Creating Weibull-data using the standard extreme value distribution

Below a set of Weibull-data is created by the following expression:and shown as a histogram together with its probability distribution (pdf).


\[ \begin{align} \Large Y = \text{} \ln(b) \text{ } + \text{ } W/a \end{align} \]

The Y-variable is then transformed using T = (Y) becoming a Weibull-variable (‘Time’) and shown as a histogram together with its probability distribution (pdf).


WeibEst <- exp(log(scale) + 1/shape*simtal)     # Simulating Weibull-data using 'extreme-data' stored in 'simtal'.

Weib <- data.frame(WeibEst)                     # Puts the simulated 'WeibEst'-data in a so-called data frame.

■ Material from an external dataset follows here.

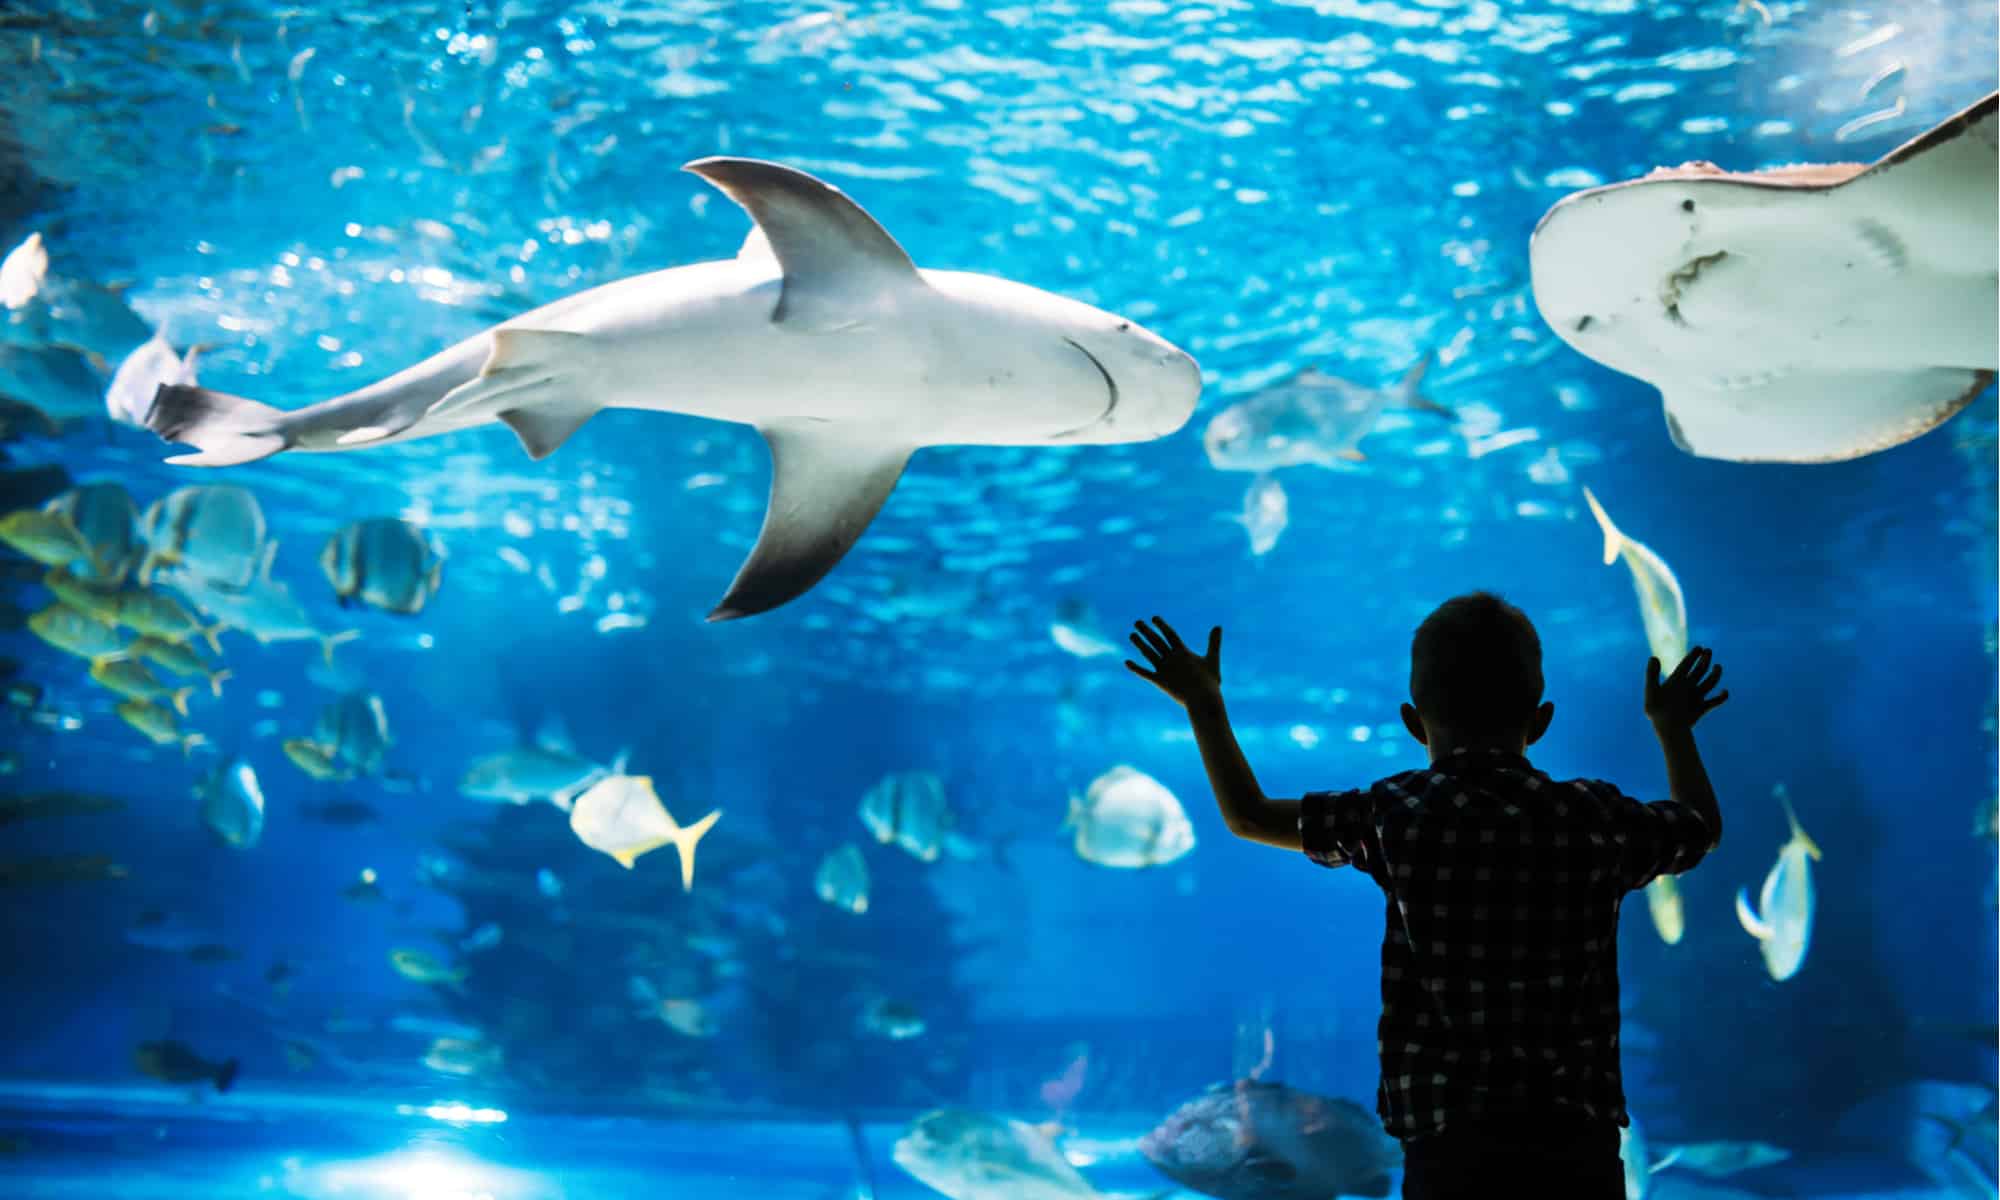 Do Any Aquariums Have Whales?. Aquariums are popular attractions for…, by  Richmond Loh

histWeibExtr <- ggplot(Weib, aes(WeibEst)) + geom_histogram(bins=25, color='black', alpha = 0.5, 
                                                         aes(y = after_stat(density)), position = 'identity')
histWeibExtr <- histWeibExtr + stat_function(fun=dweibull, args=list(shape, scale), color='red', linewidth=1.0 ) + xlab("Time")
histWeibExtr <- histWeibExtr + annotate("text", x = 7, y = Inf, label="Weibull-estimate, by 'Extreme value'", vjust = 1.5, size = 4.5, colour = "blue")
histWeibExtr

The diagram below shows a good fit of the data to the Weibull-diagram. In addition, the estimated parameters are shown including the average and standard deviation of the data. These valuesa coincide well to the theoretical values.


wp.plot(WeibEst, main="Weibull, created by using 'Extreme'", col.line = "red", xlab = "Time", lty.line=1, pch=19)

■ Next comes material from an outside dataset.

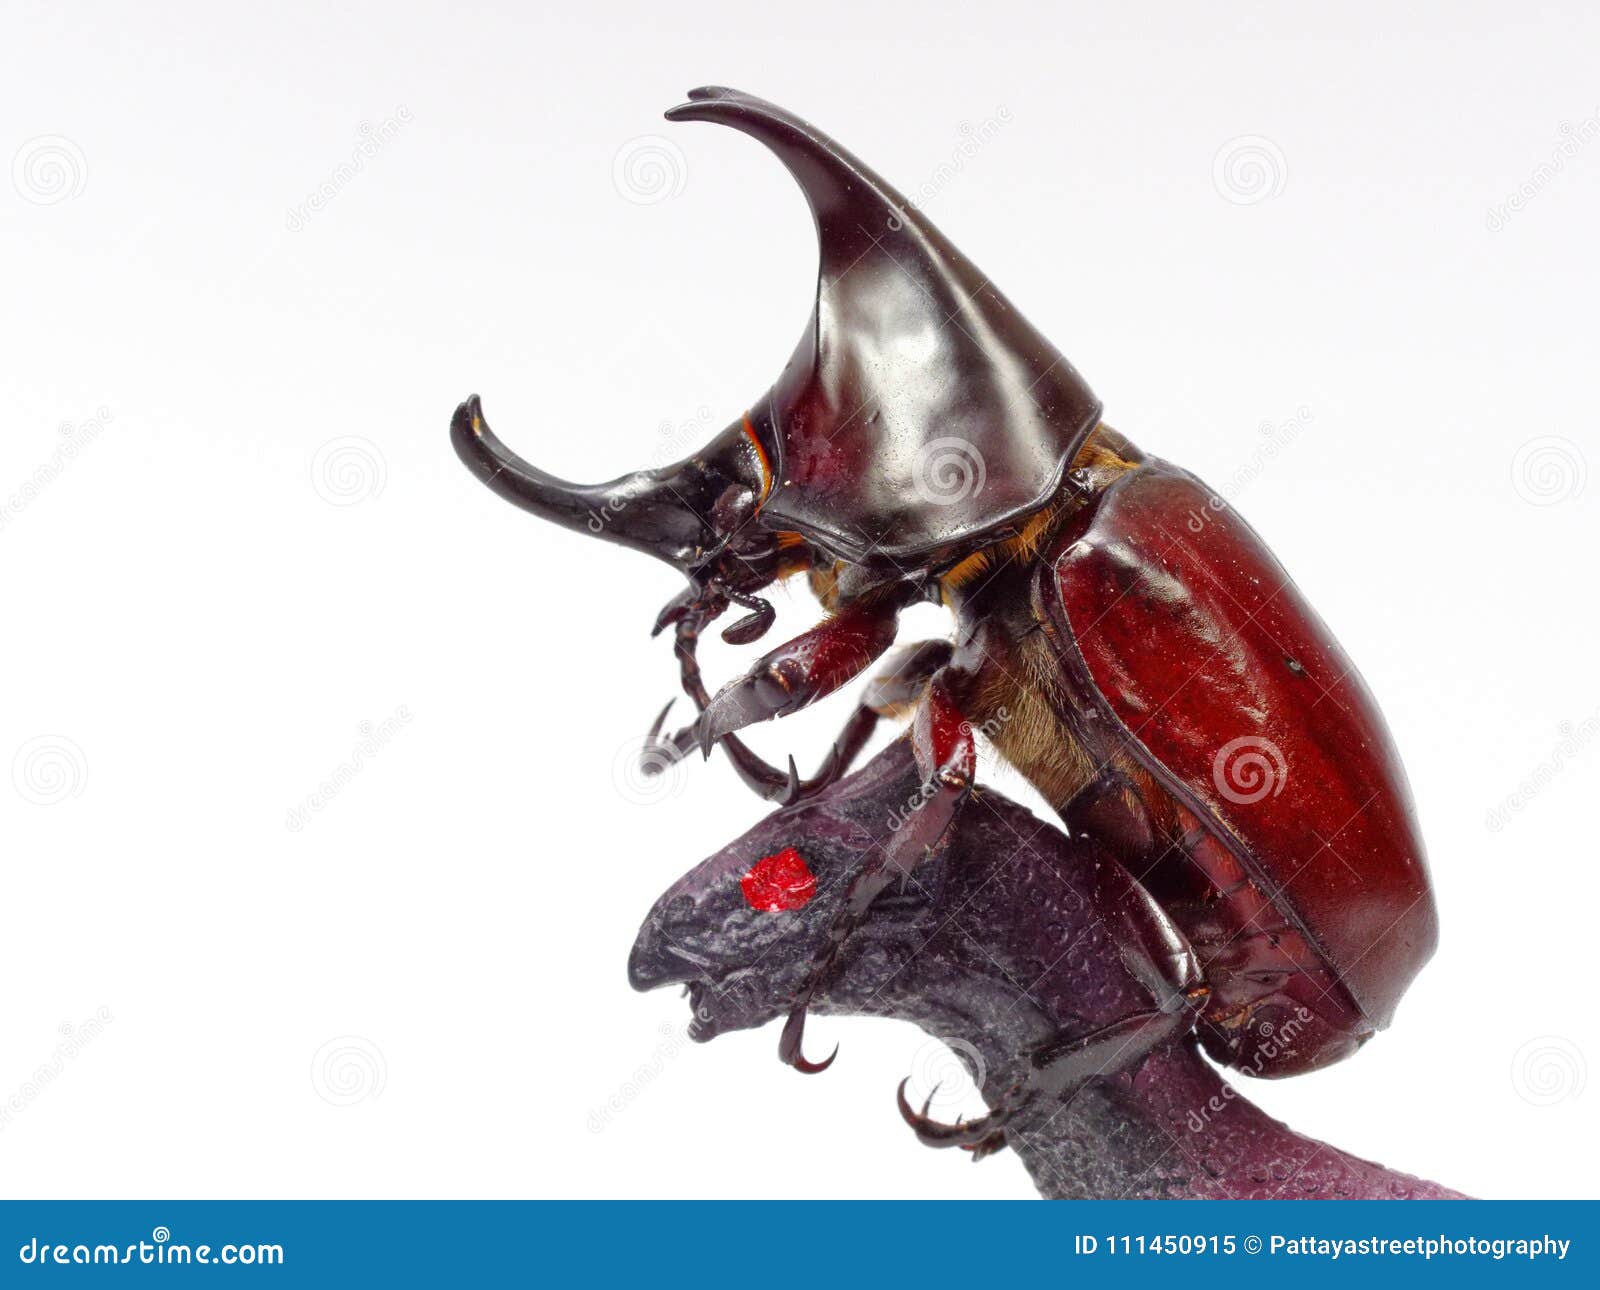 fighting or rhinoceros beetle fighting with black toy dinosaur  on white background

fitdistr(WeibEst, "weibull")
##      shape        scale   
##   2.06754046   5.05498431 
##  (0.05030253) (0.08149280)
print(paste0("Estimated mean = ",round(mean(WeibEst),2), ", Estimated standard deviation = ",round(sd(WeibEst),2)))
## [1] "Estimated mean = 4.48, Estimated standard deviation = 2.27"


Final comments.This document shows how a Weibull variable can be expressed as the sum of a constant and a standard extreme value distribution. This is the basic idea for performing regression analysis and is explored further in other entries on the home page.